**DATA EXCERPT**.
----

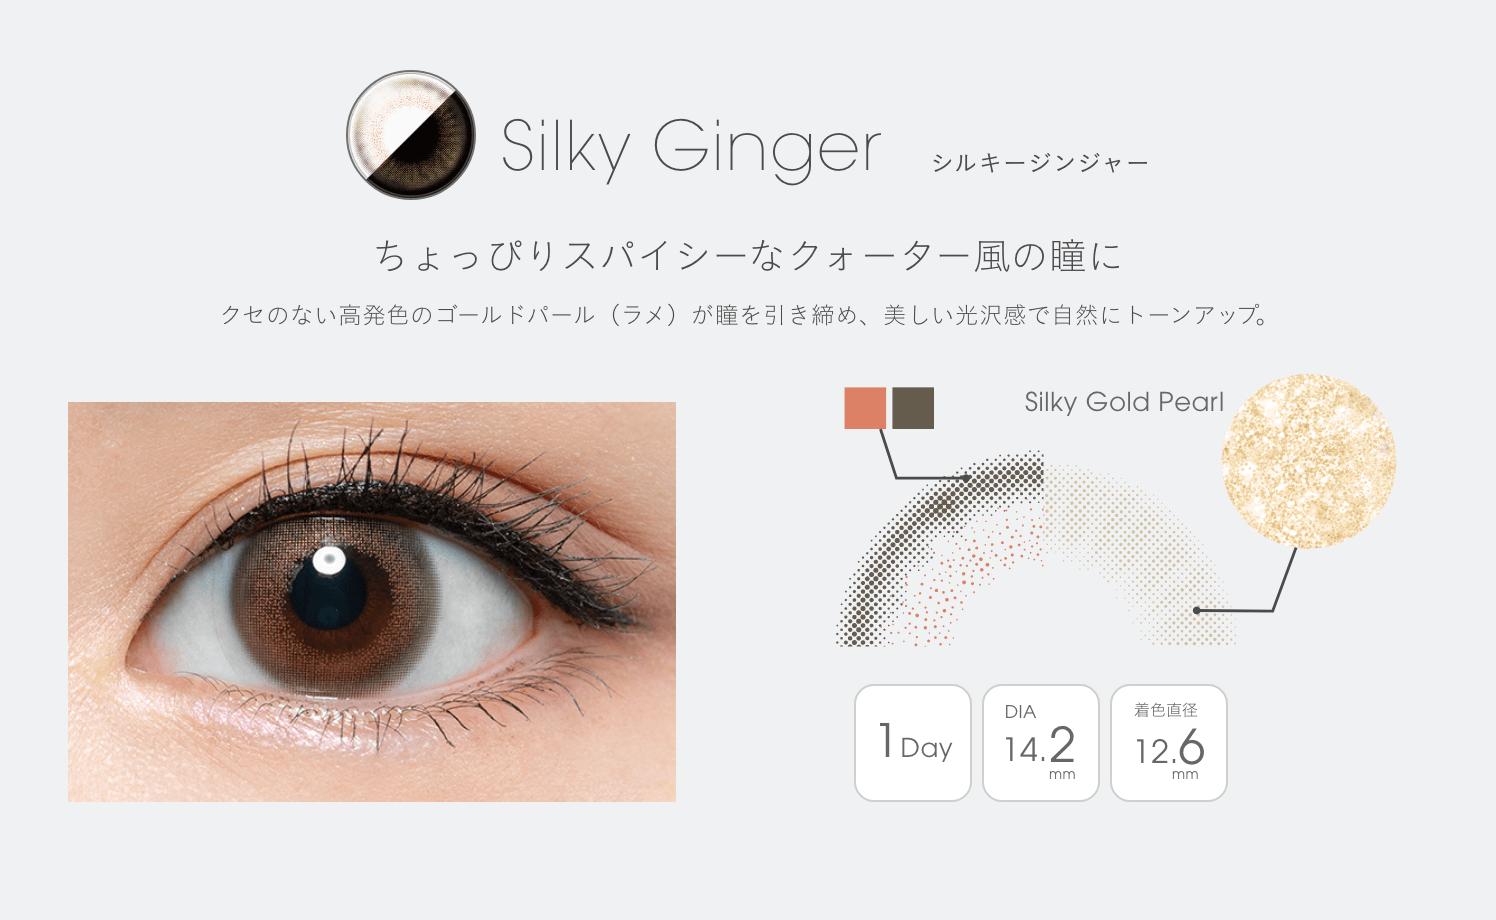 Silky Ginger
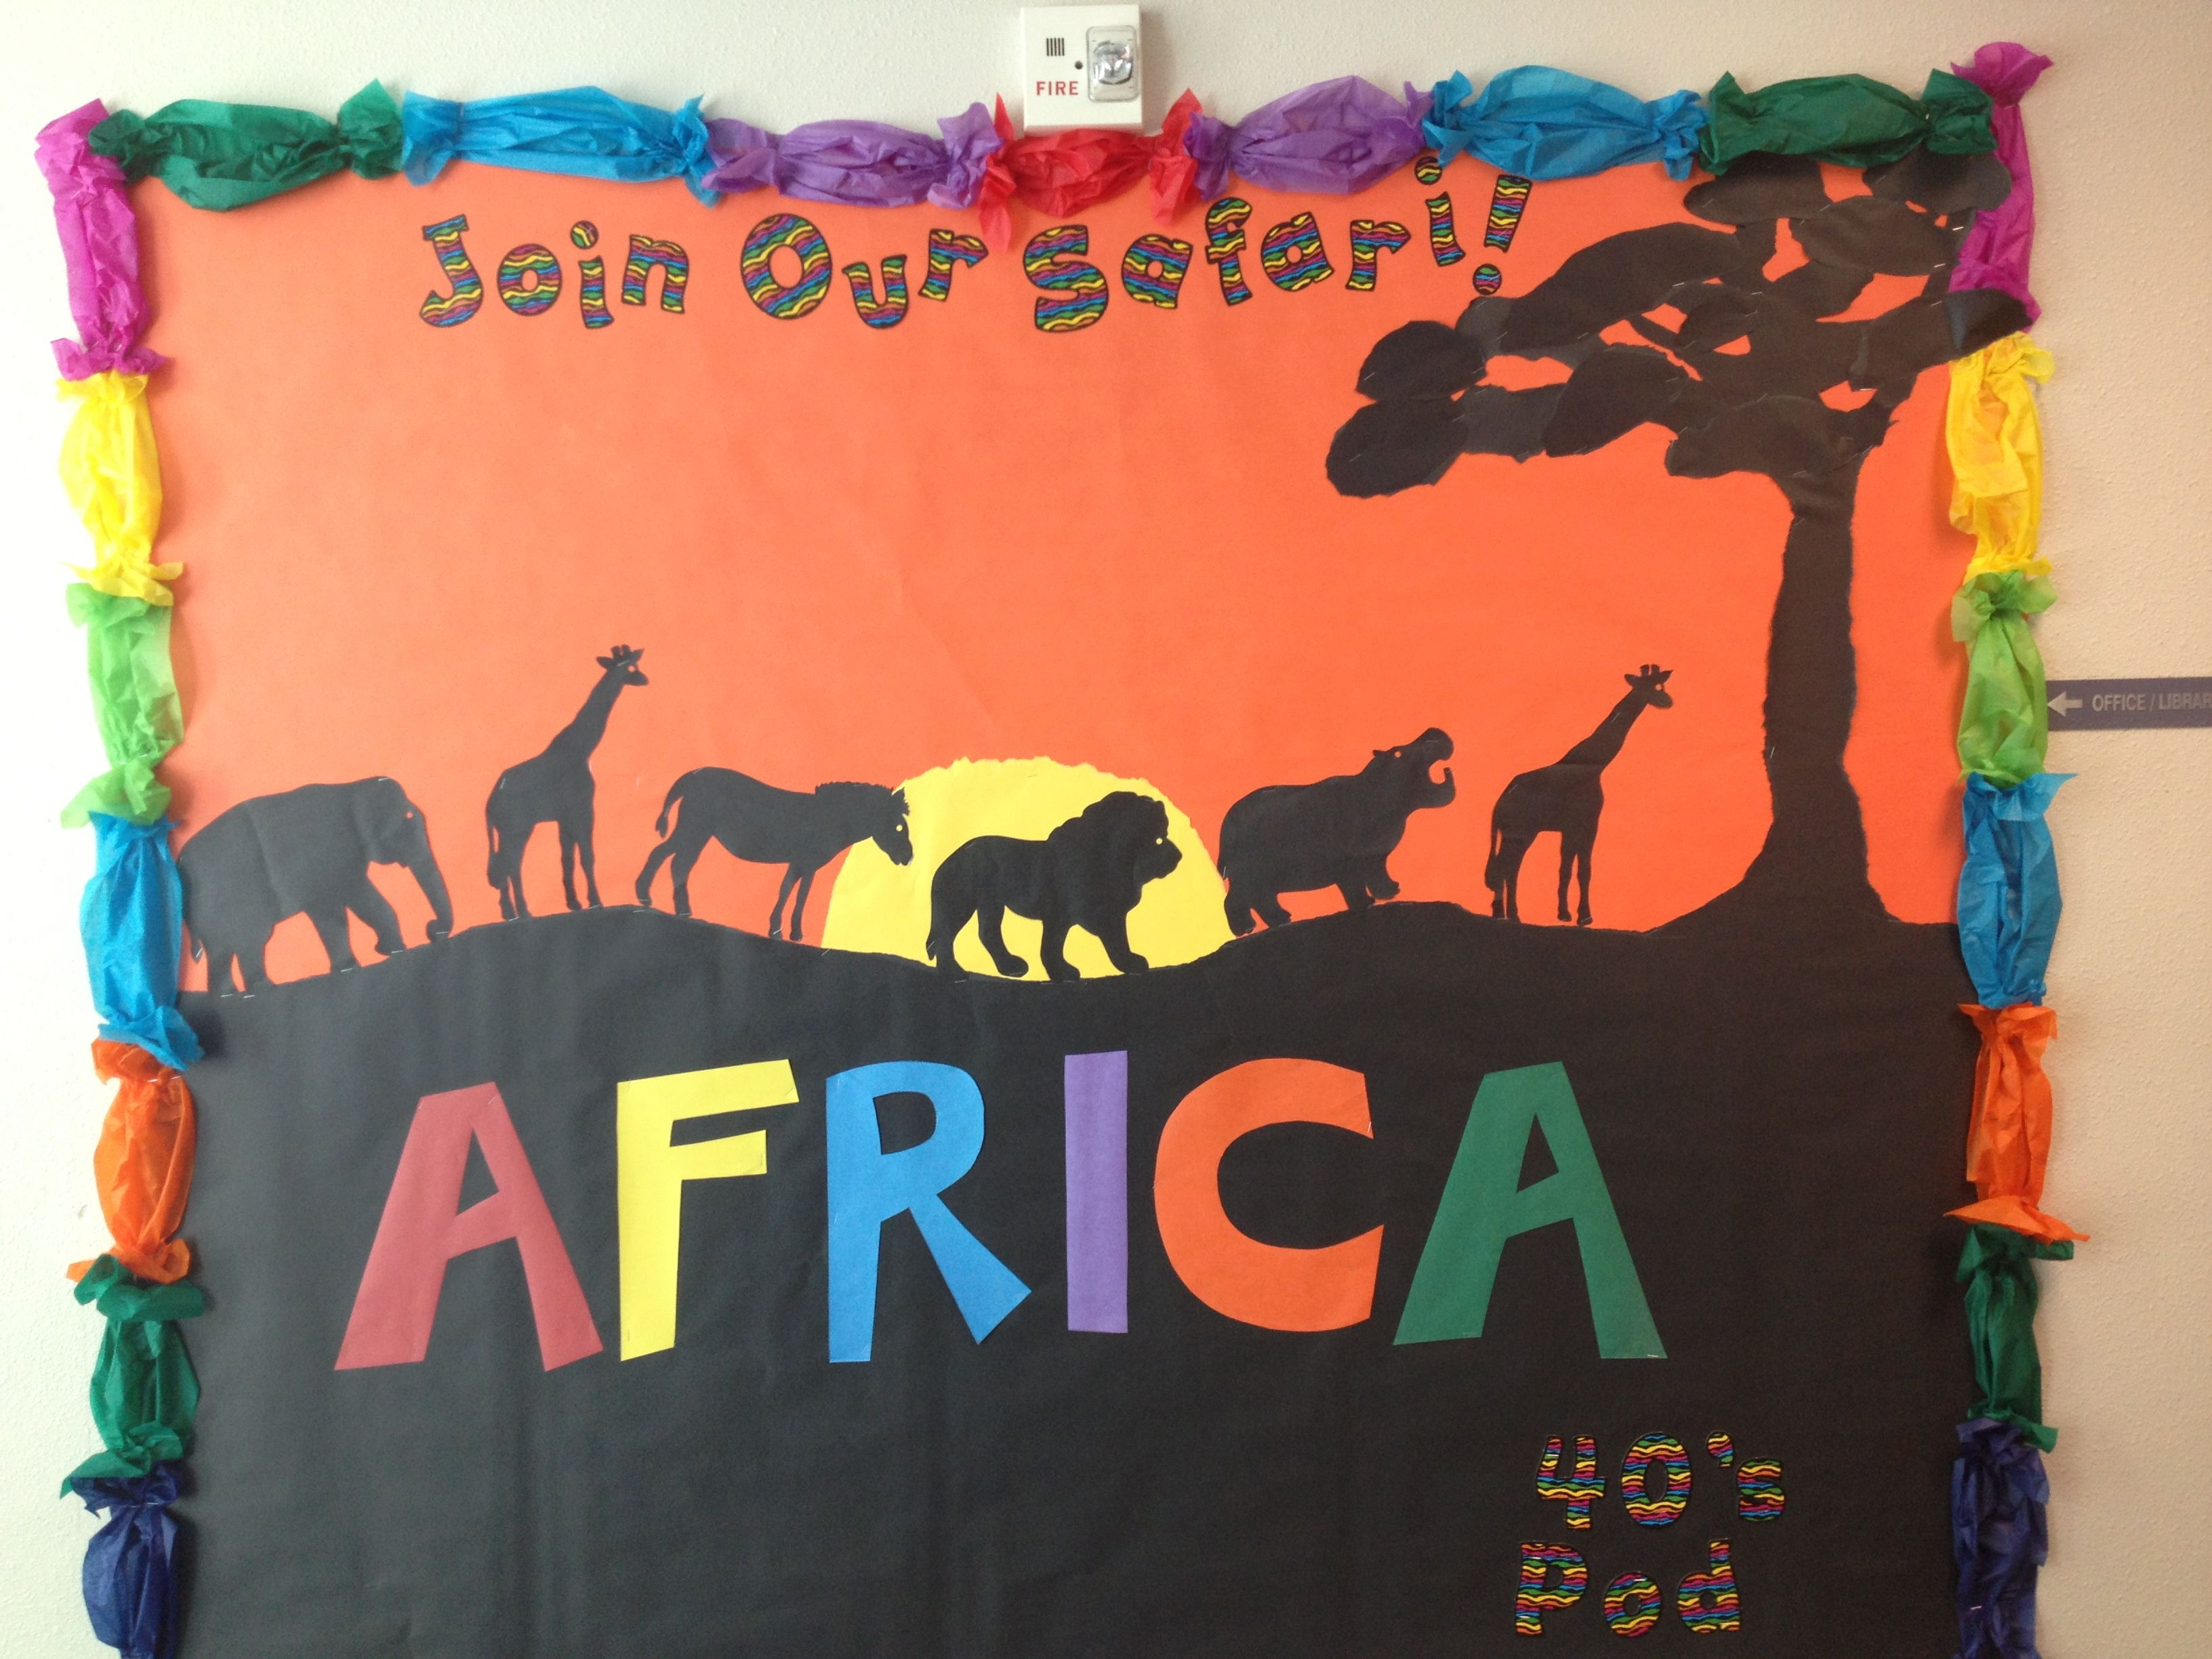 Top tourist attractions in tanzania bulletin board for Theme board ideas
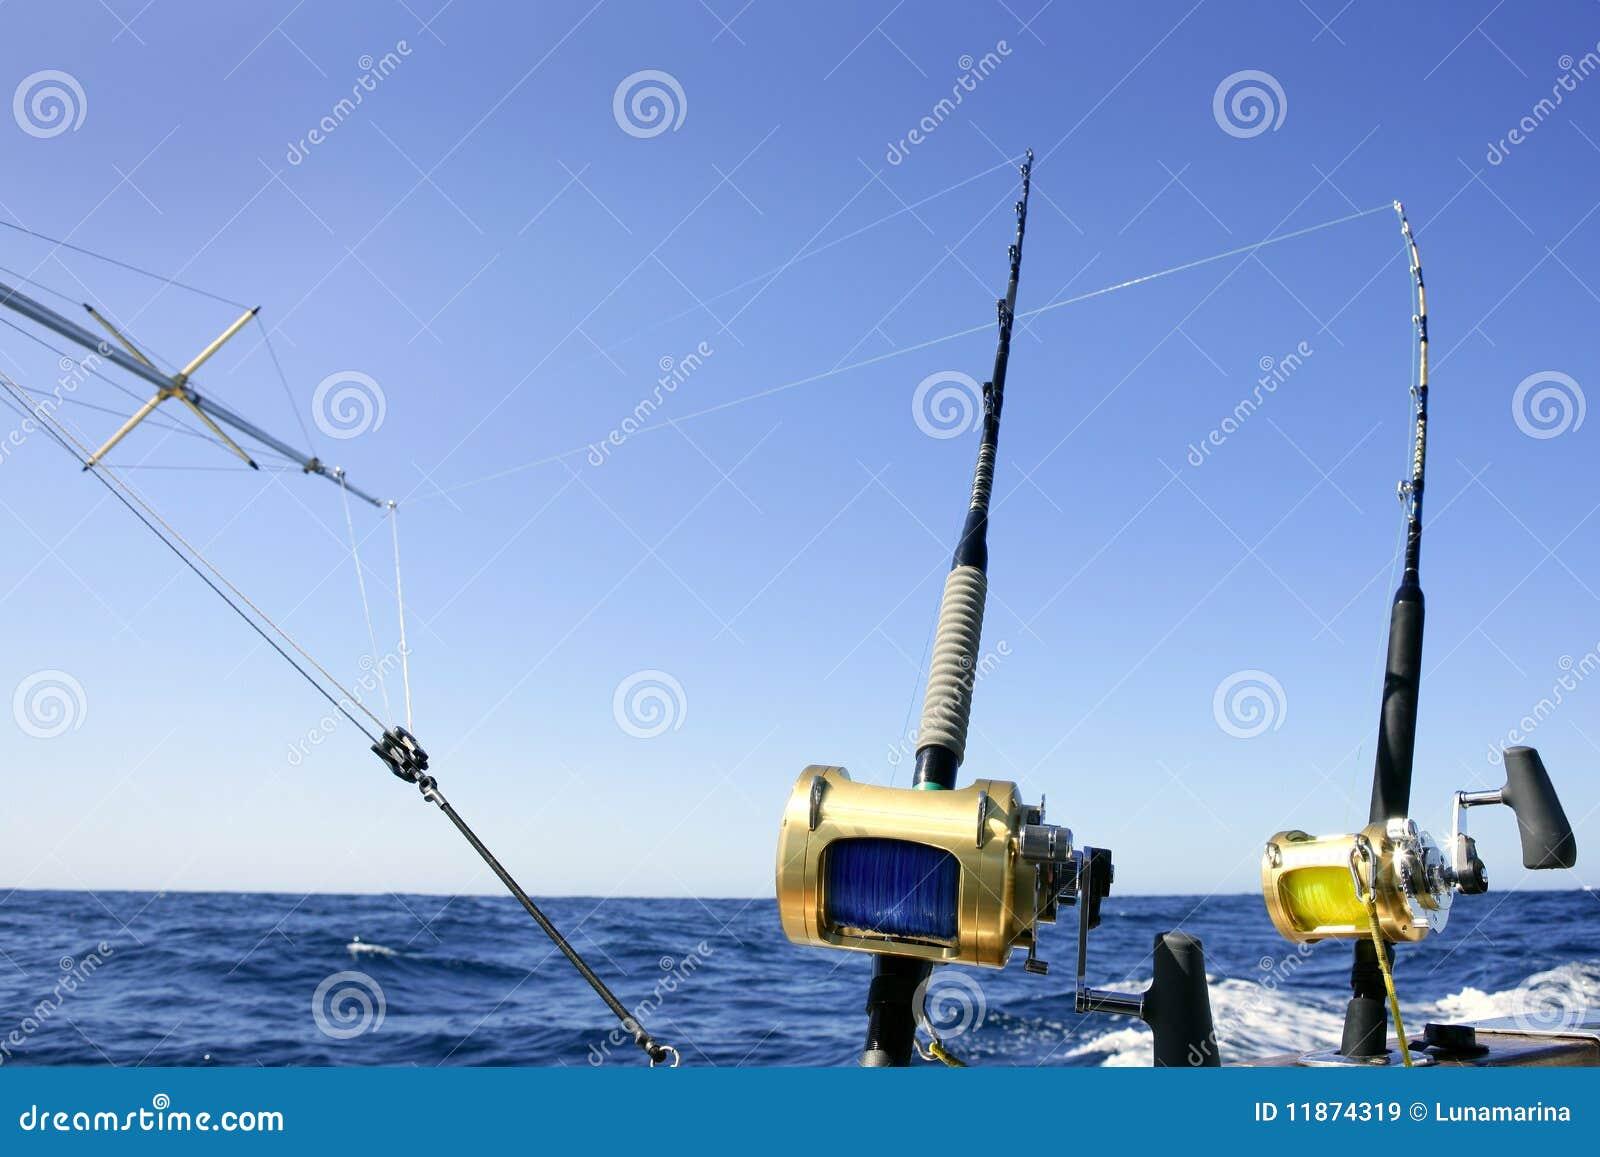 Big game boat fishing in deep sea stock image image of for Deep sea fishing boat

----

**PROBLEM TO SOLVE**. Every line of the material must be returned verbatim, and pictures must be left behind.

**ANSWER**.
 Silky Ginger
 Top tourist attractions in tanzania bulletin board for Theme board ideas
 Big game boat fishing in deep sea stock image image of for Deep sea fishing boat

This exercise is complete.